Thought for the day: Creative Math Prompts lead to discussions in which you (the teacher) do not always know the answers. Be honest about this. Enjoy teaming with your students to learn new things.
Concepts: similarity; ratios; length and area; least common multiples; greatest common factors; analyzing, testing, and extending patterns; expressing patterns algebraically
I notice a path that travels at 45° angles to the sides of a rectangle.
I notice that the path ends when it hits a corner.
I notice that the path reminds me of the path of a ball on a pool table.
I notice that the "ball" bounces 5 times, always at right angle from where in hit.
I notice that there is always a gap of 4 units between each bounce, start, or end point—even around the corners of the rectangle.
I wonder how long the path is. (It may be easiest to measure it in "diagonal" units.)
I wonder what the paths would look like on rectangles of other dimensions.
I wonder if there are patterns to the path length, bounces, and gap length for tables of different dimensions.
I wonder if there is a quick way to predict which corner the path will end at.
I wonder if a path could ever continue forever without hitting a corner.
Create and explore their own paths on rectangles of different dimensions.
Think in reverse: Create tables with paths having a chosen path length and number of hits.

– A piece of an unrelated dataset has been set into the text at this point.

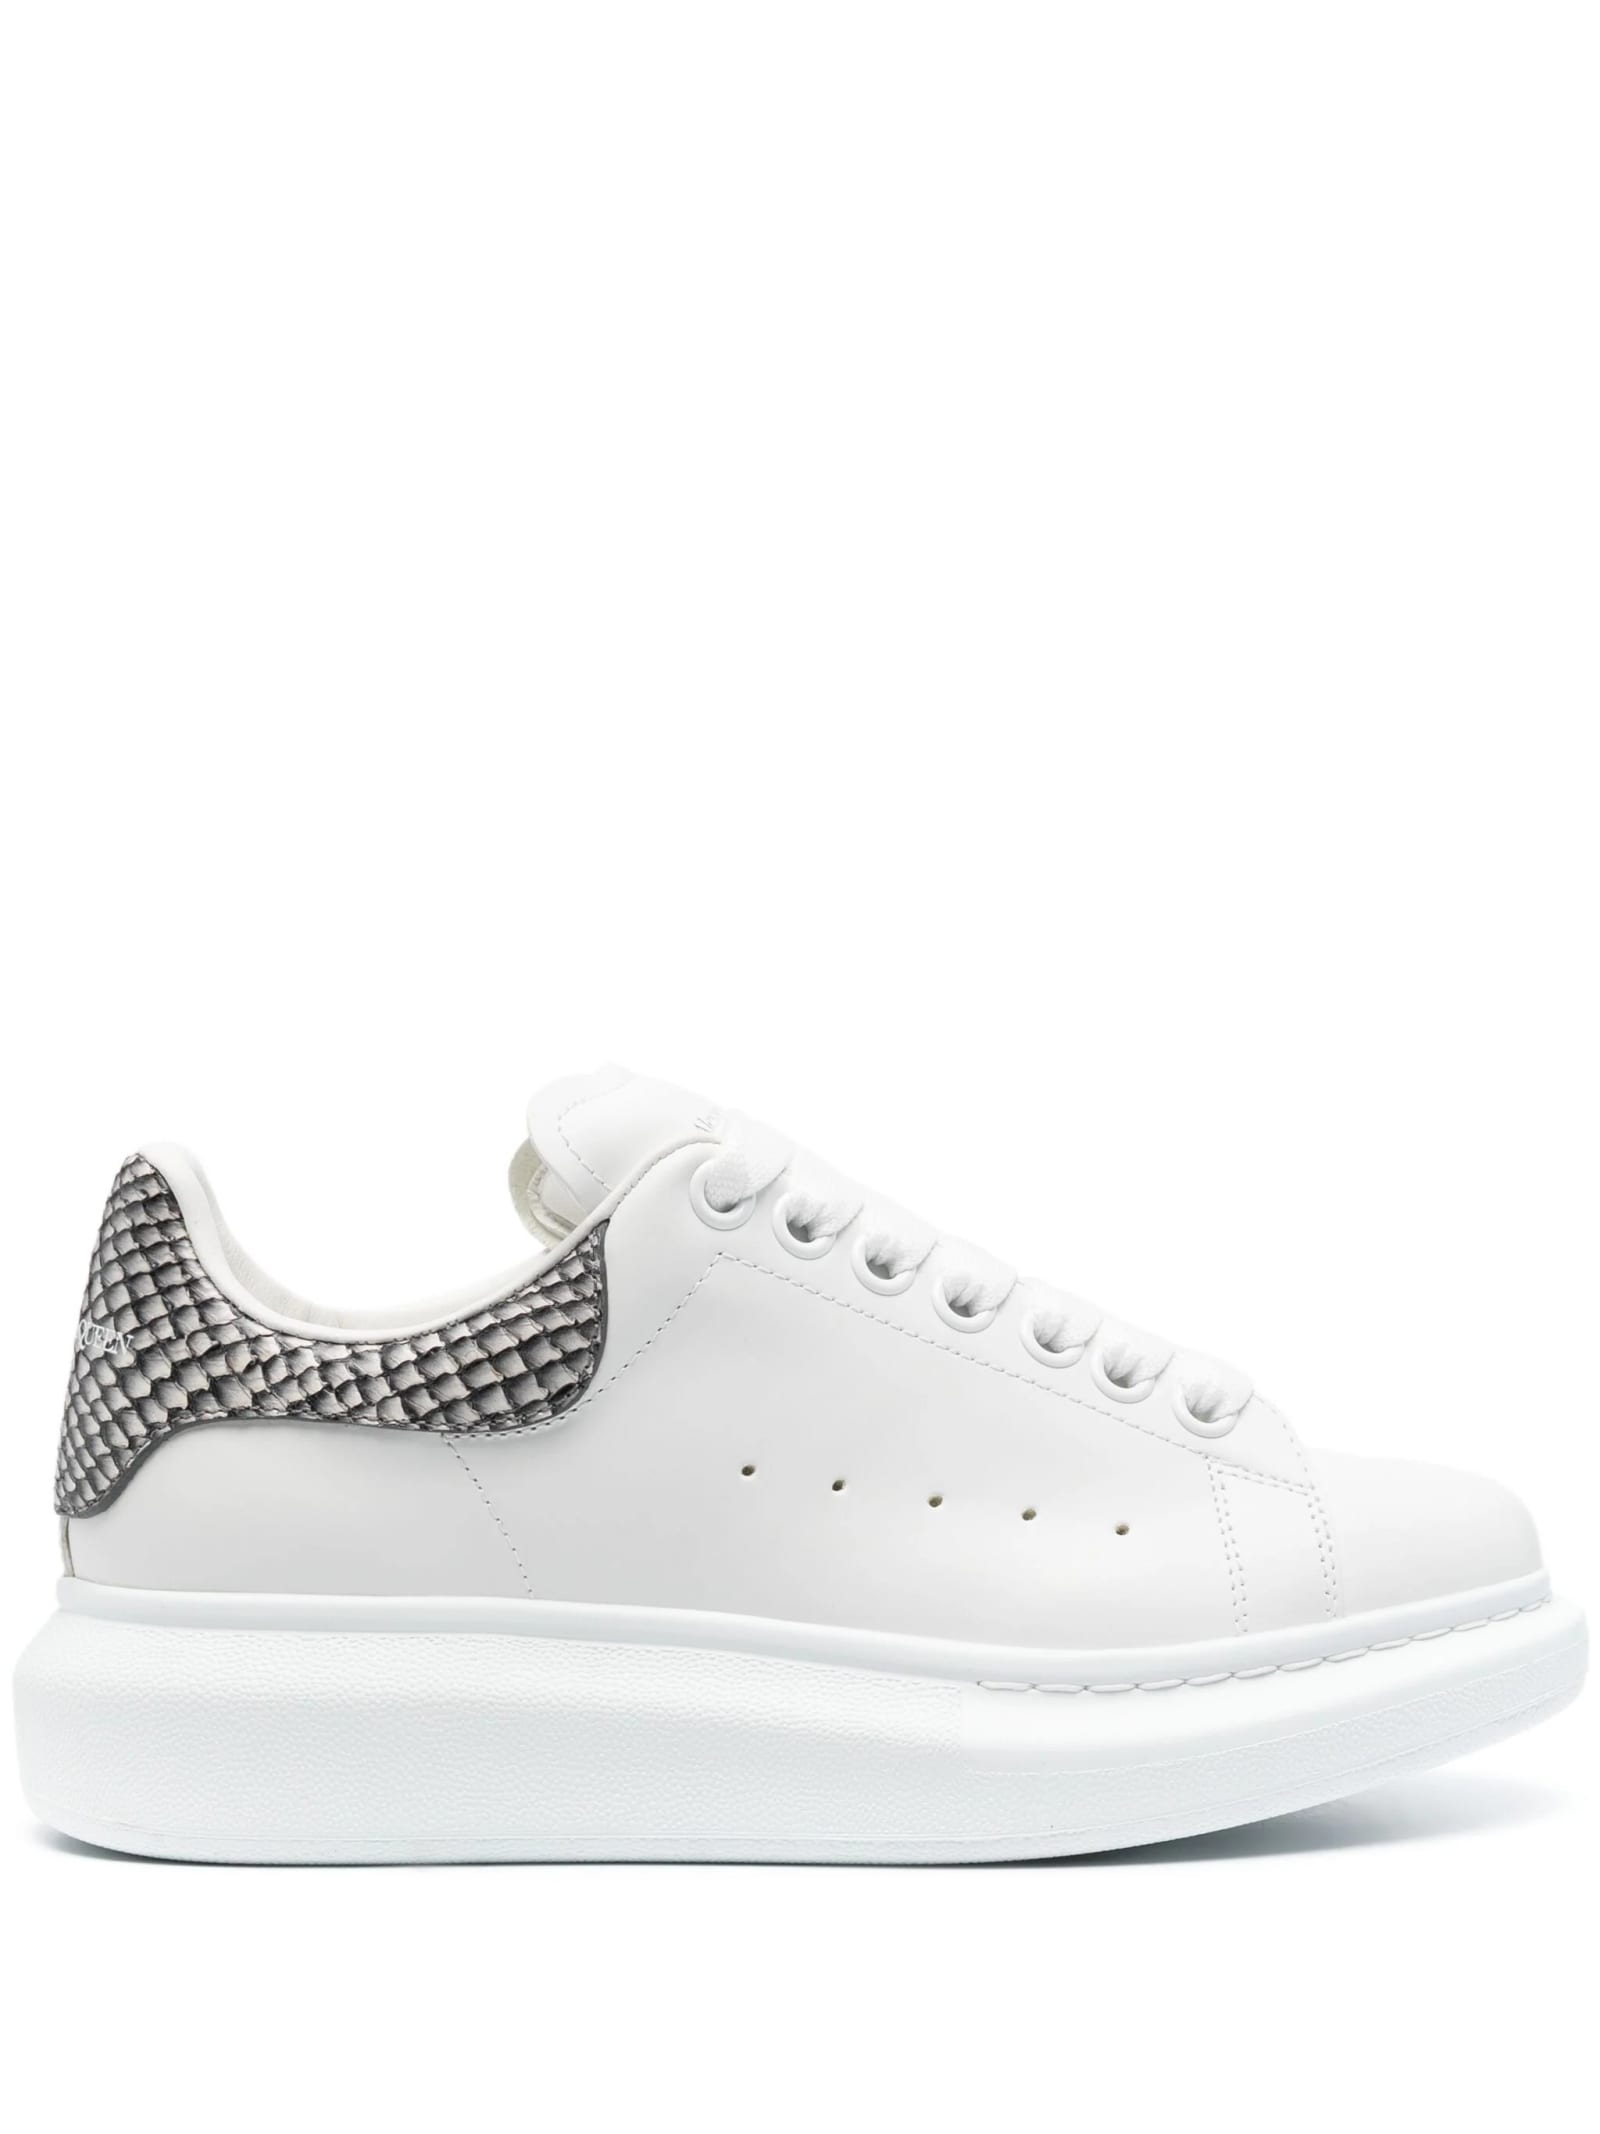 Shop Alexander Mcqueen White Oversized Sneakers With Snake Print Spoiler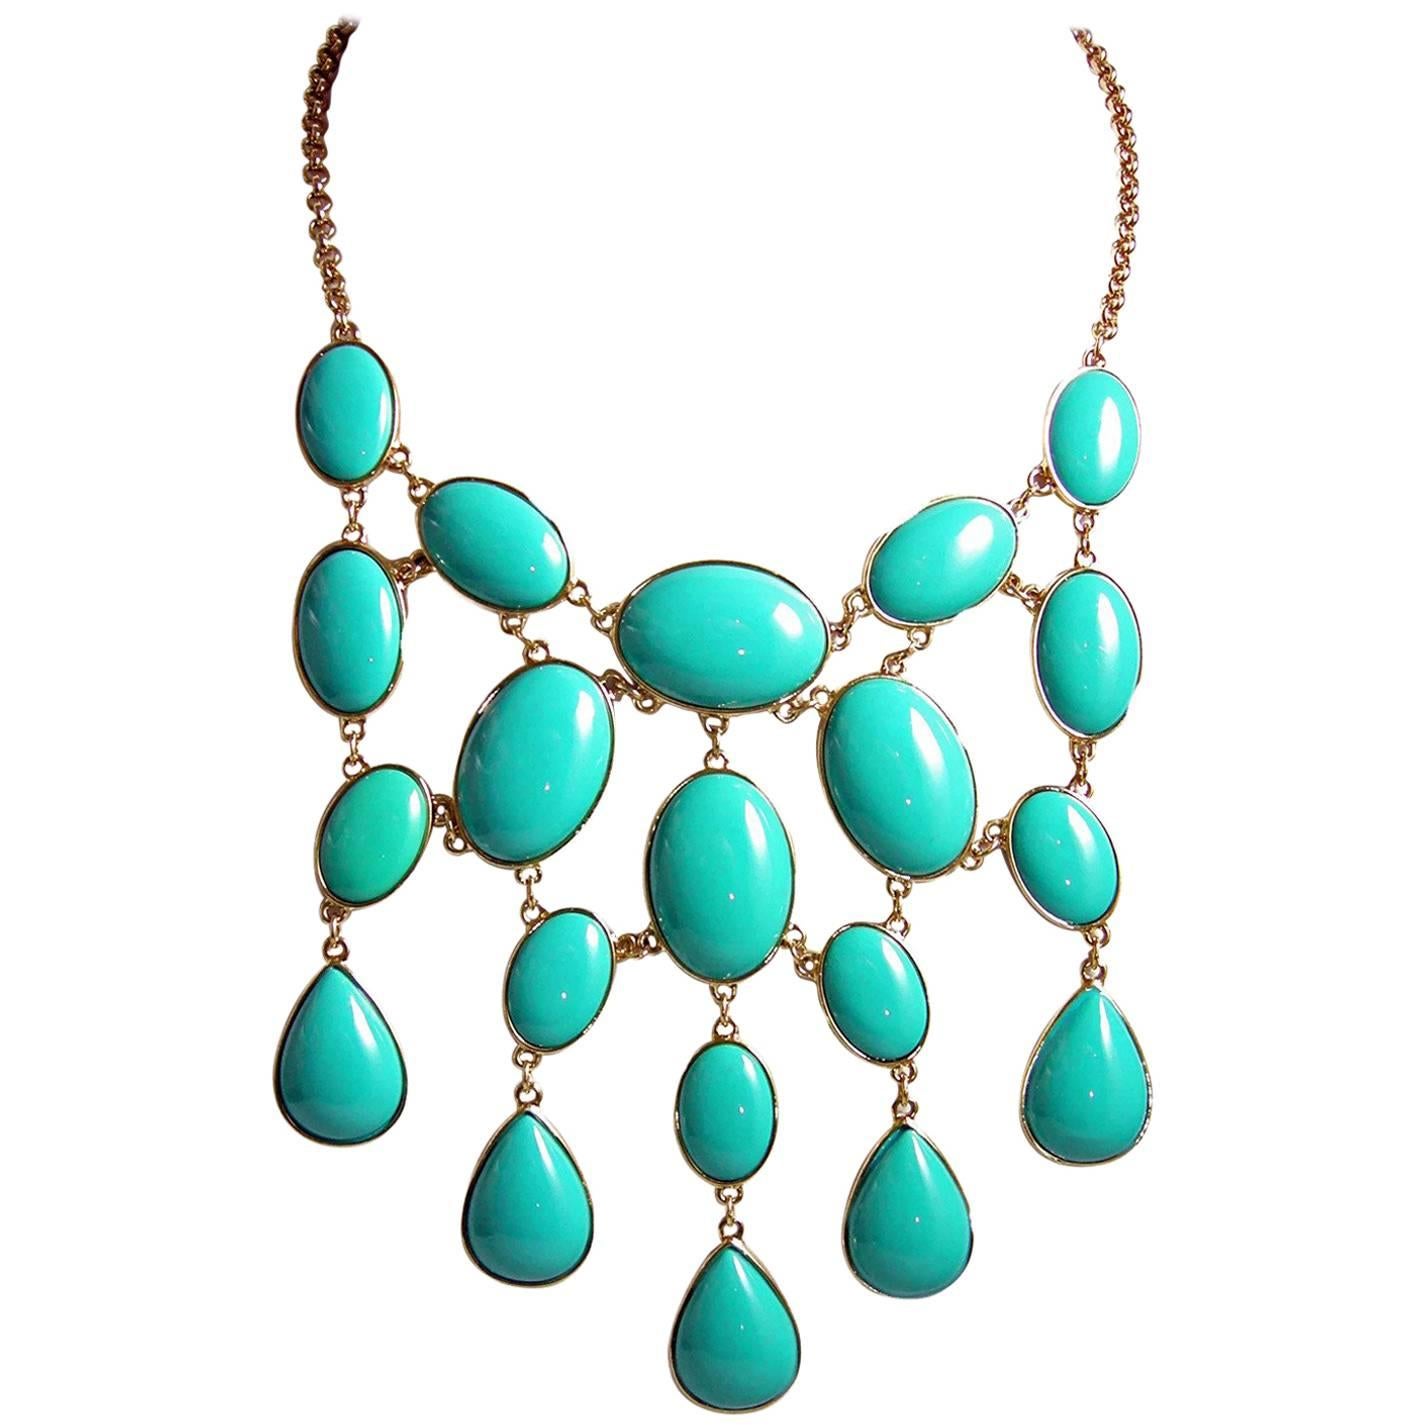 Kenneth Jay Lane Faux Turquoise Bib Necklace For Sale

Change the rules by allowing the ball to travel at different angles to the sides.
Imagine paths inside a three-dimensional box.
Reflecting and Extending
I notice that when two rectangular "tables" are mathematically similar, their paths are also similar, with corresponding scale factors.
I notice that I can calculate a scale factor for a table and its path by using the greatest common factor (GCF) of the dimensions of the table.
I notice that I can describe the length of a path using the least common multiple of the dimensions of table.
I notice that the gap between two bounces (including the start and end points) is two times the GCF mentioned above.
I notice that the number of bounces for a table whose dimensions have a GCF of 1 is always equal to the sum of the two dimensions.
I wonder what causes all of these patterns.
I notice that the ball never lands in the pocket where it started.
I notice that I can determine where it lands by paying attention to whether the dimensions are even or odd.
I wonder if there is a formula for the number of points where a path intersects itself.
I wonder if I can create tables whose paths satisfy conditions that I choose.
I wonder what would happen on tables whose dimensions are not whole numbers.
The image is an example of a "game" popularly known as Paper Pool. You can find a more structured activity built around this image in in Exploration 8: Paper Pool from my book, Advanced Common Core Math Explorations: Factors and Multiples.
By thinking carefully about the relationship between path length and gap length (possibly via the number of hits), students can derive a formula for the relationship between the GCF and LCM of two numbers.